Nanotubi peptidici

I nanotubi peptidici o PNTs (in inglese peptide nanotubes) sono delle strutture auto-assemblate formate da peptidi capaci di essere funzionalizzate e con specifiche geometrie.[1]

La modifica superficiale rende versatili queste nano-strutture che trovano applicazione in campi come: biologia, chimica, ingegneria tissutale, scienza dei materiali e medicina.

Per quanto concerne l’ambito biologico i nanotubi peptidici si prestano principalmente nel campo del bio-rilevamento, nei processi di somministrazione di farmaci e nel riconoscimento molecolare grazie alle interazioni che si instaurano tra PNTs e biomolecole.[2][3]

La dimensione nanometrica di queste strutture permette di creare un legame tra tessuti naturali e tessuti artificiali. Infatti, le moderne nanotecnologie contribuiscono attivamente al processo di guarigione dei tessuti preservando la capacità di non sviluppare reazioni infiammatorie.

Sintesi dei nanotubi peptidici modifica

Alcune molecole biologiche quali proteine e peptidi subiscono dei processi di auto-assemblaggio formando diverse strutture dalla morfologia nanometrica a temperatura e pressione ambiente. I legami instauratisi durante i processi di auto-assemblaggio sono generalmente legami di tipo non covalente come: legami idrogeno, legami π-π, interazioni idrofobiche e forze di Van der Waals. Dopo il processo di auto-assemblaggio quello che si ottiene è una struttura cilindrica con una cavità centrale dal diametro compreso tra i 0,5 ed i 500 (nm) con un rapporto d’aspetto maggiore di cinque.[1][3][4]

I nanotubi peptidici vengono suddivisi in base ai processi di sintesi, infatti, possono derivare o da catene monomeriche peptidiche lineari oppure da catene monomeriche peptidiche non lineari.

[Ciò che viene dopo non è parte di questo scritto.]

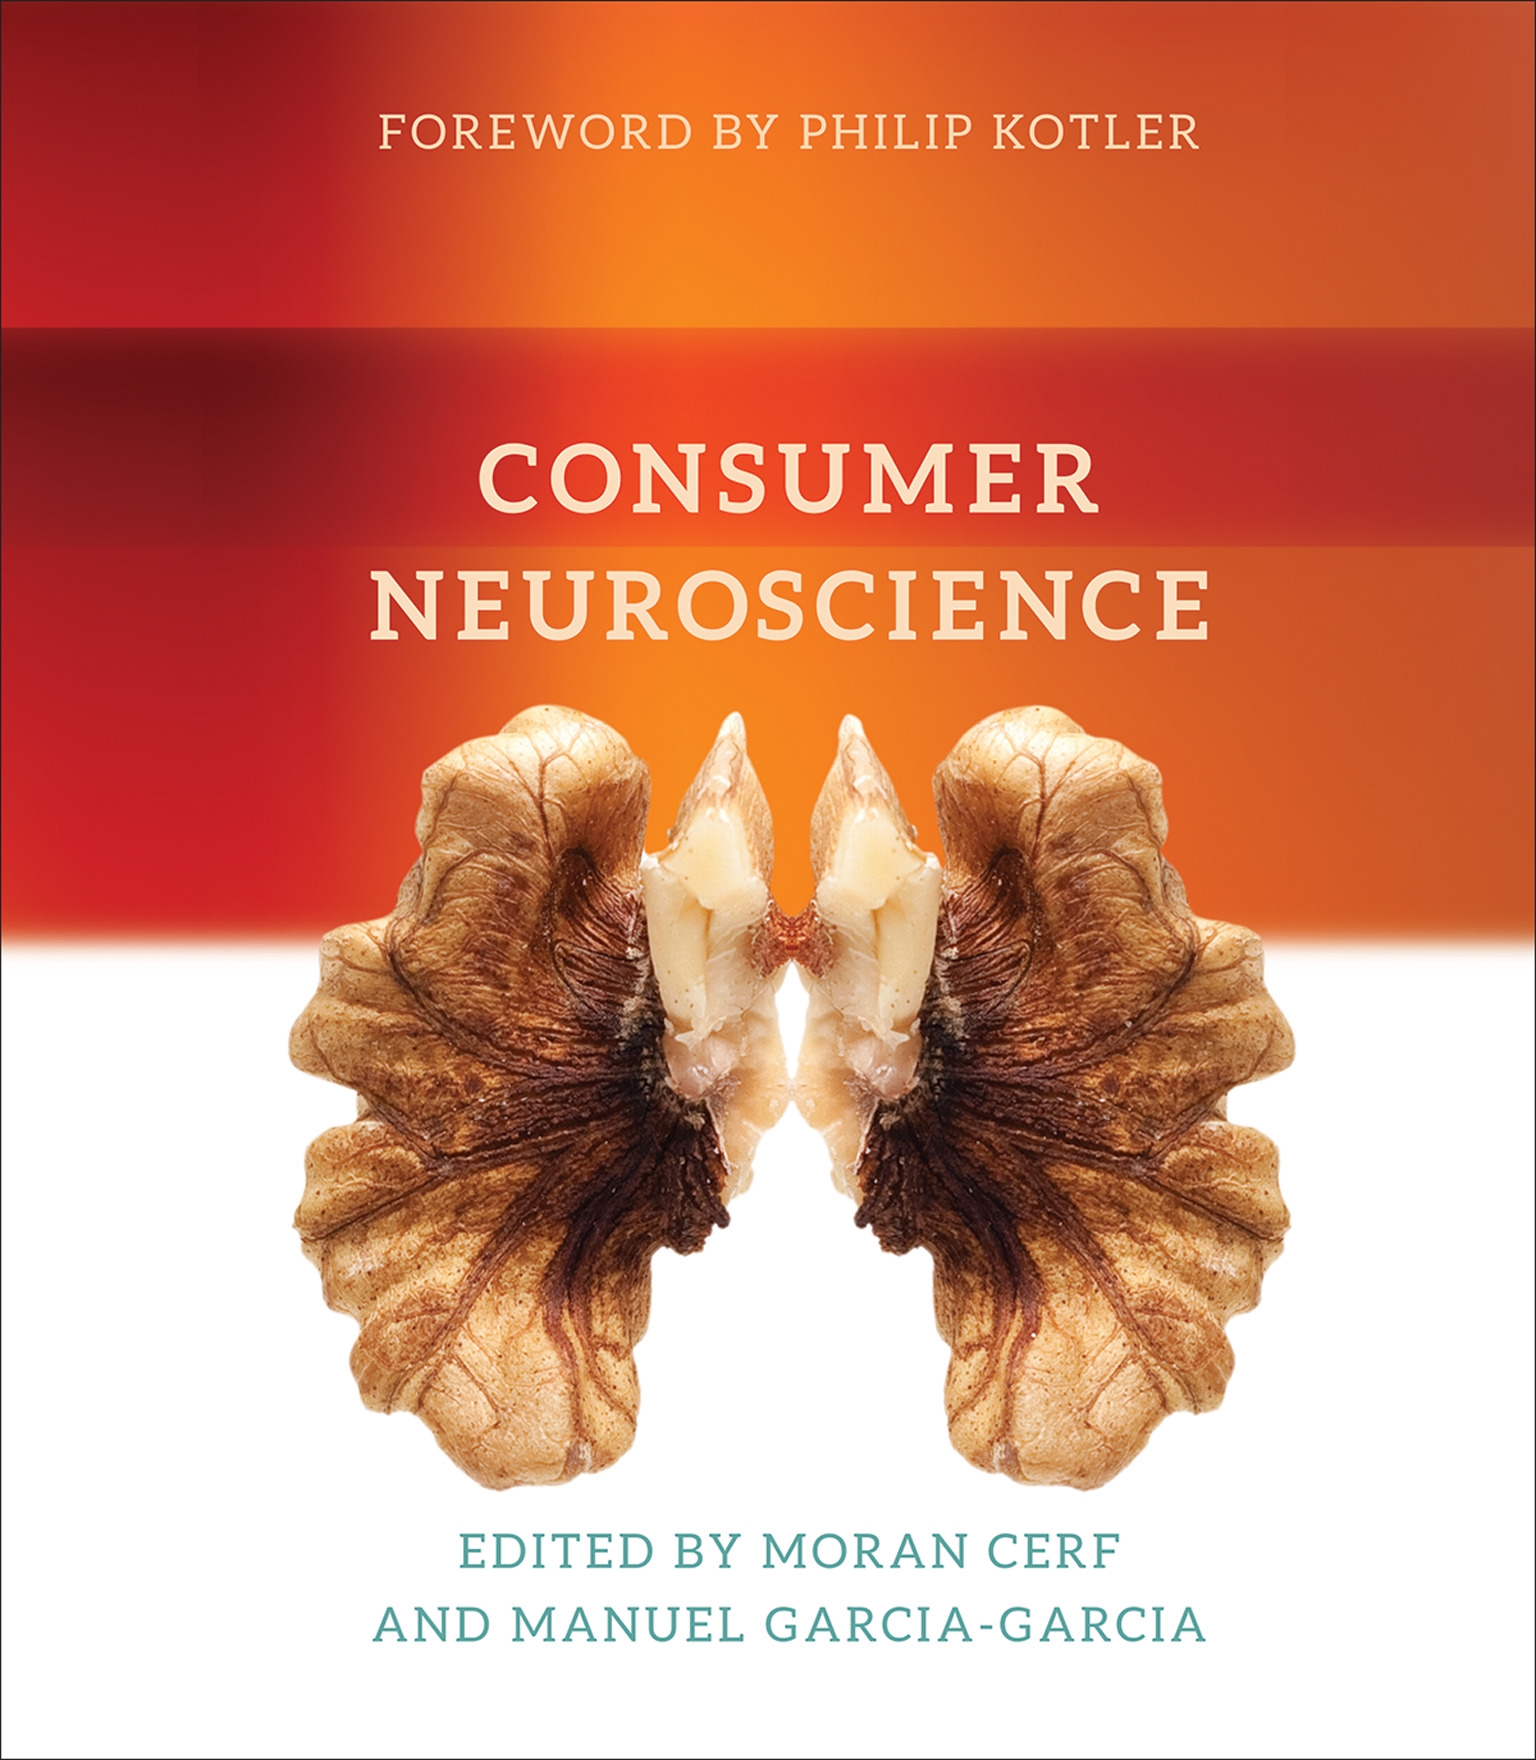 research topics on consumer neuroscience

Nanotubi peptidici derivanti da monomeri peptidici lineari modifica

Uno dei possibili metodi di sintesi viene chiamata “De Novo” e consiste nel combinare residui aminoacidici polari con residui non polari. I monomeri utilizzati contengono dei residui reattivi chiamati “sticky-end” i quali si legano selettivamente ai loro complementari. Così facendo la formazione del nanotubo può essere ingegnerizzata regolando la sequenza amminoacidica e le posizioni dei relativi gruppi reattivi. Pertanto, in base alla reazione tra gli sticky-end si potranno comporre nanotubi che sono lineari, segmentati oppure ramificati in funzione della pesantezza e rigidità dei monomeri.[4]

Una tecnica diversa per la formazione di nanotubi da catene lineari è quello di legare i monomeri a molecole organiche anfifiliche, queste a causa delle interazioni idrofobiche con il solvente si aggregano per formare nanotubi ove la catena alchilica è rivolta verso il centro mentre i residui amminoacidici si dispongono sulla superficie esterna. I parametri più importanti che governano questi fenomeni sono il pH della soluzione ed il carattere idrofobico dei monomeri utilizzati in quanto la resistenza dei legami idrogeno sono influenzati maggiormente da questi ultimi. Grazie all’introduzione di gruppi funzionali c’è la possibilità di funzionalizzare la superficie esterna dei nanotubi conferendo loro particolari proprietà in base all’utilizzo finale alla quale sono destinati.[4]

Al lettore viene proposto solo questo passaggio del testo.